TASK: For this exercise, write out the full listing that follows exactly and skip its pictures.

INFORMATION SUPPLIED:
• • • • • • •

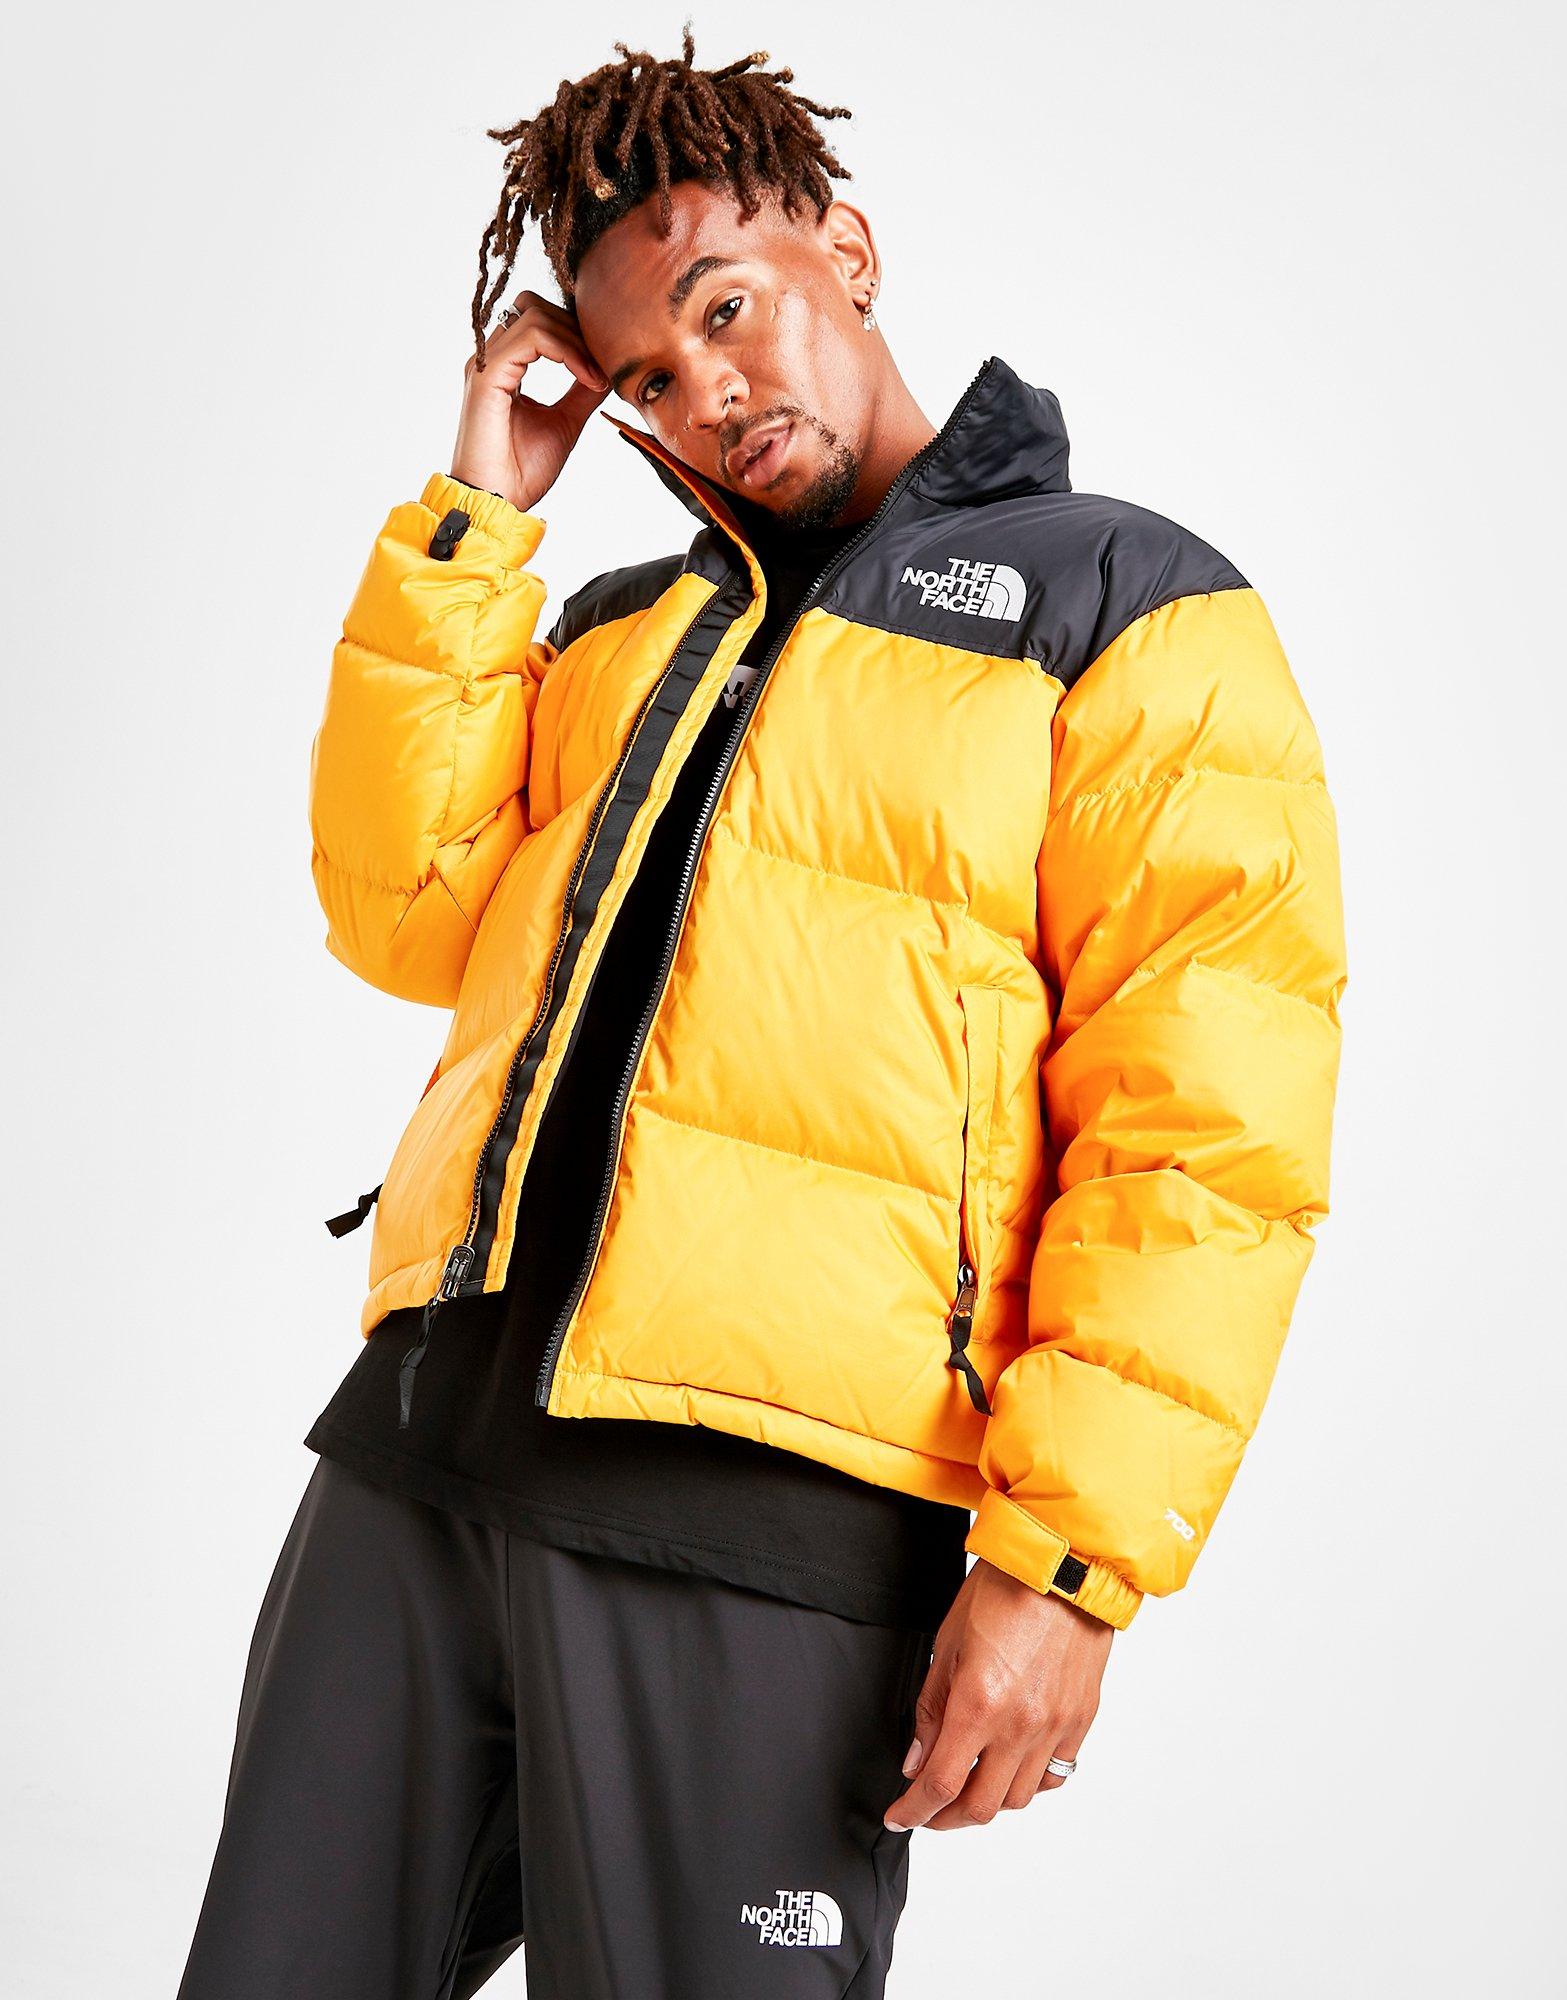 jd north face puffer
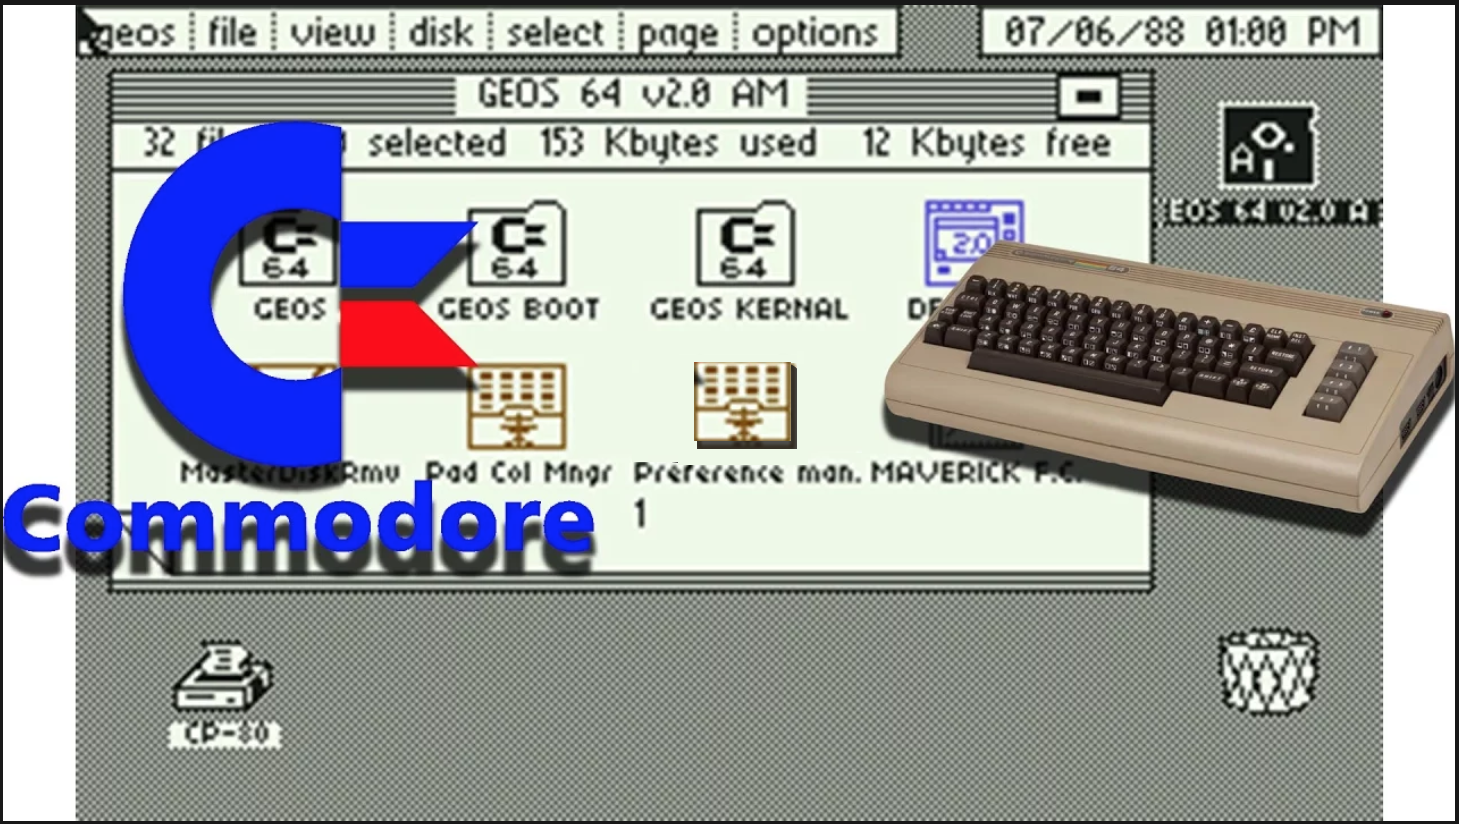 2GB Commodore 64 GEOS for Windows-PC, games appswhdload games
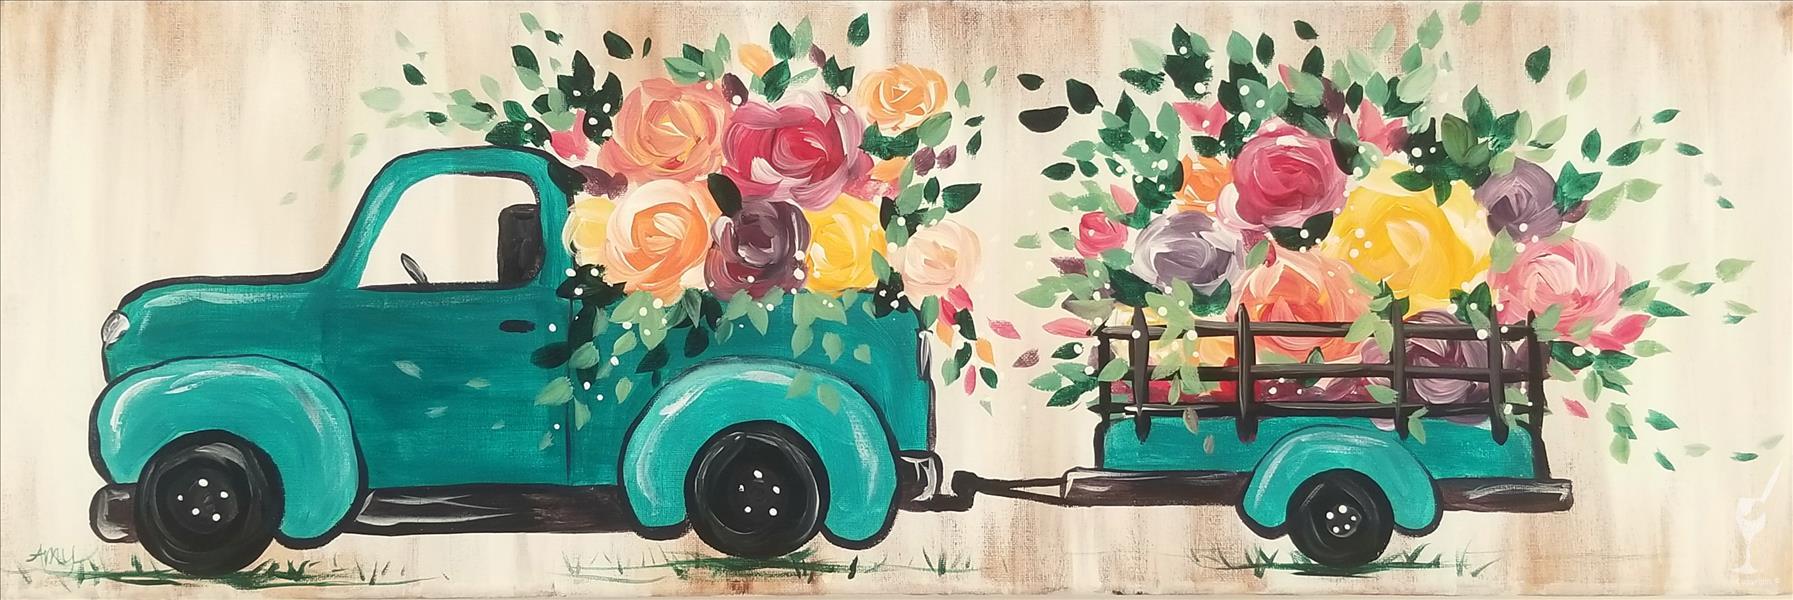 RUSTIC HAULIN' SPRING TRUCK- Afternoon Art Party
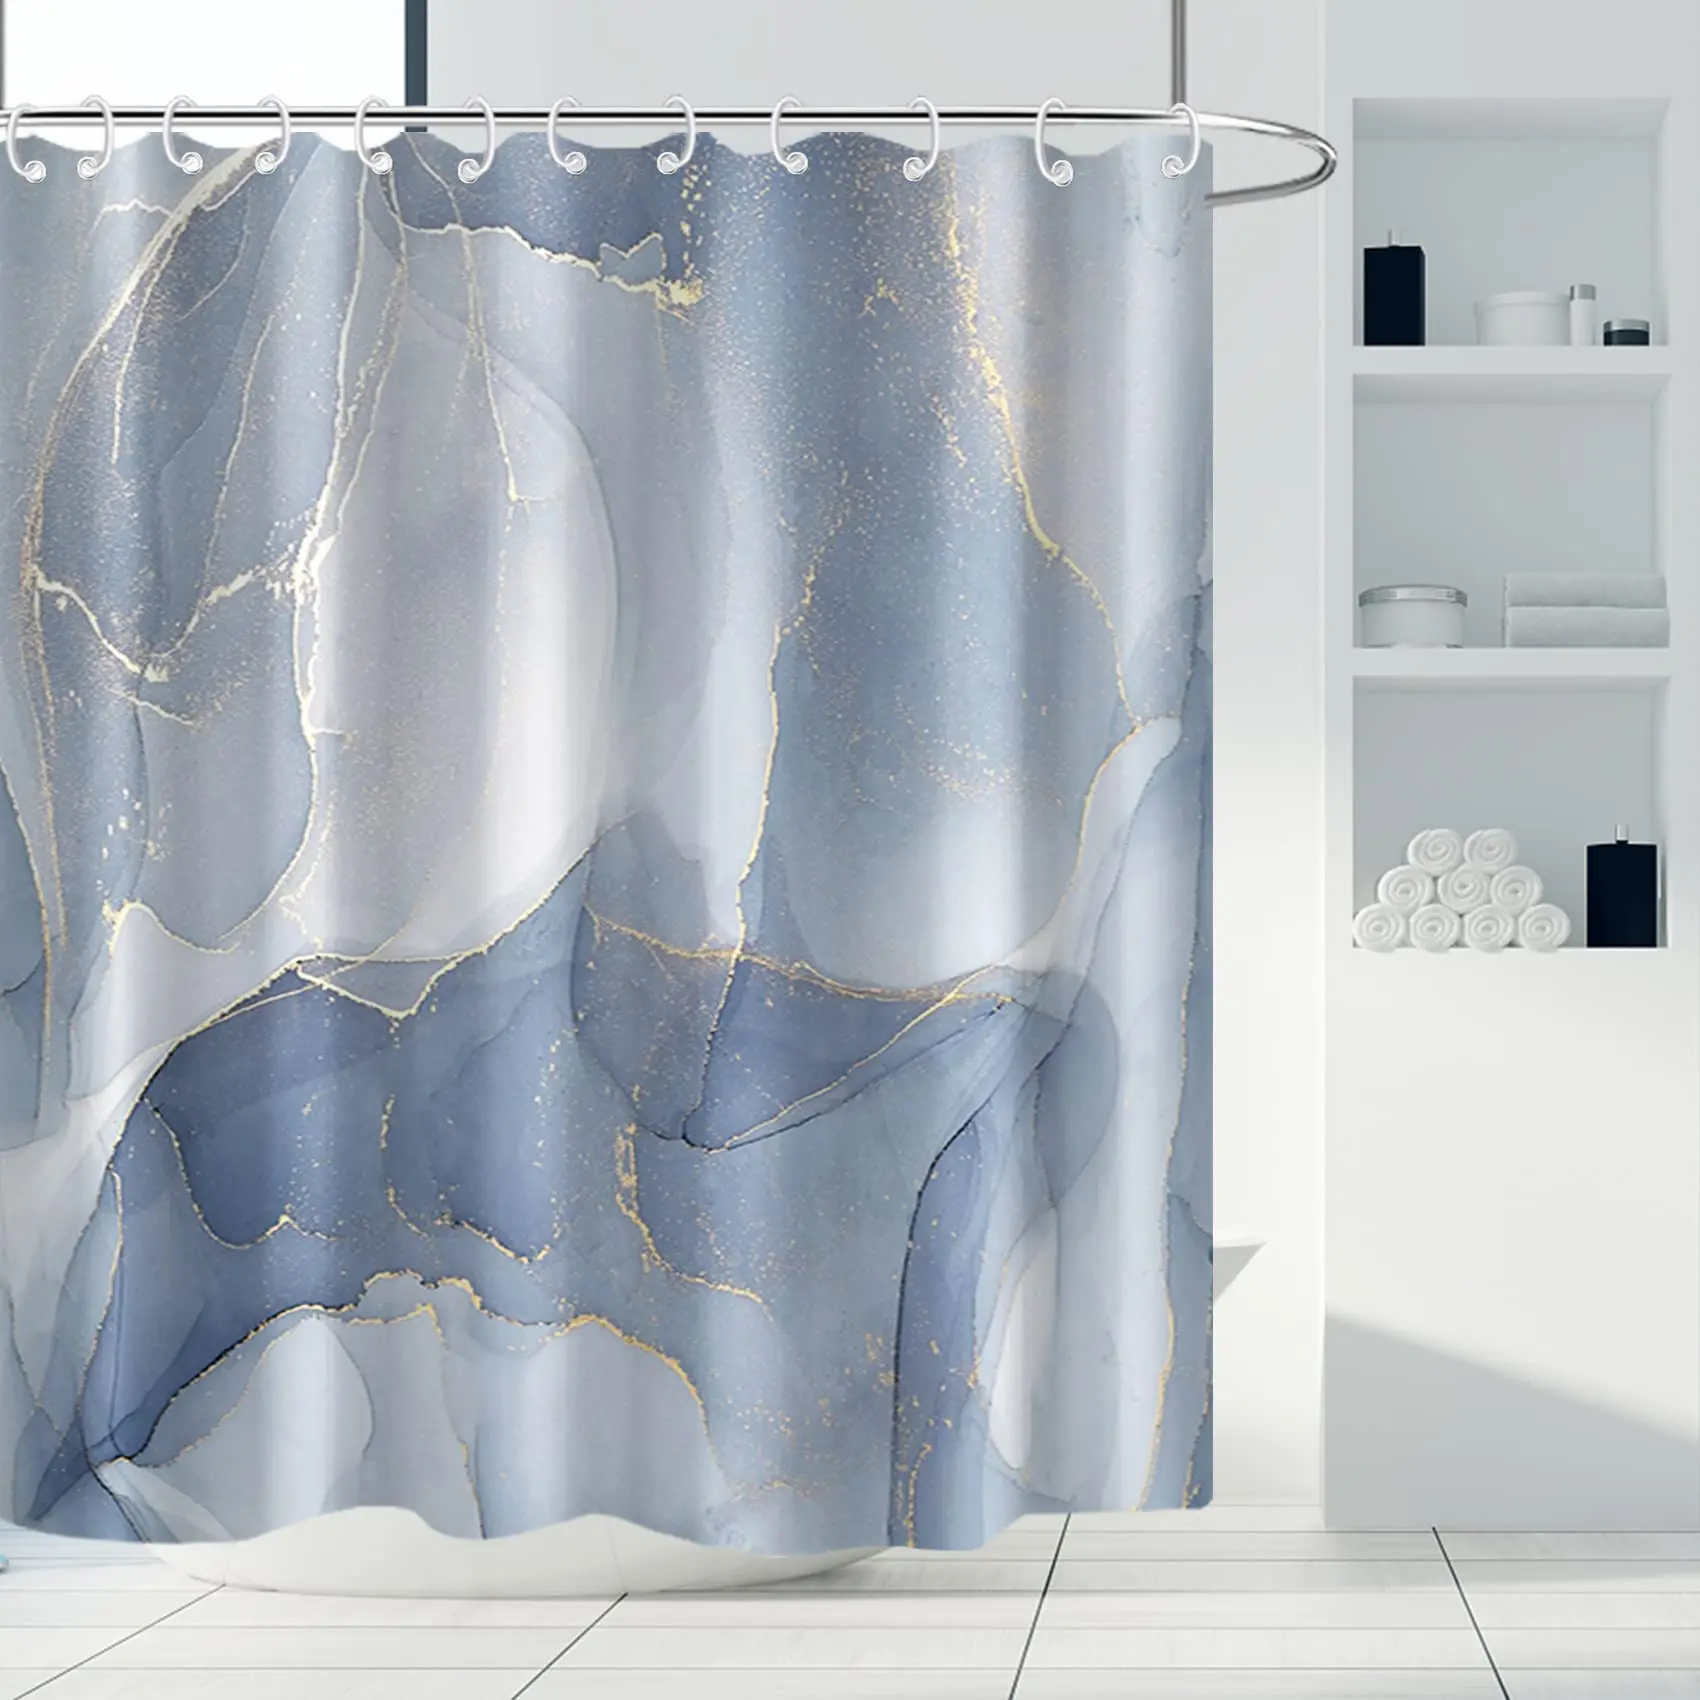 Blue Marble Shower Curtain Waterproof Abstract Shower Curtains for Bathroom Decor Printed Washable Bathtub Curtain with Hooks

• • • • • • •

EXERCISE RESULT:
 jd north face puffer
 2GB Commodore 64 GEOS for Windows-PC, games appswhdload games
 RUSTIC HAULIN' SPRING TRUCK- Afternoon Art Party
 Blue Marble Shower Curtain Waterproof Abstract Shower Curtains for Bathroom Decor Printed Washable Bathtub Curtain with Hooks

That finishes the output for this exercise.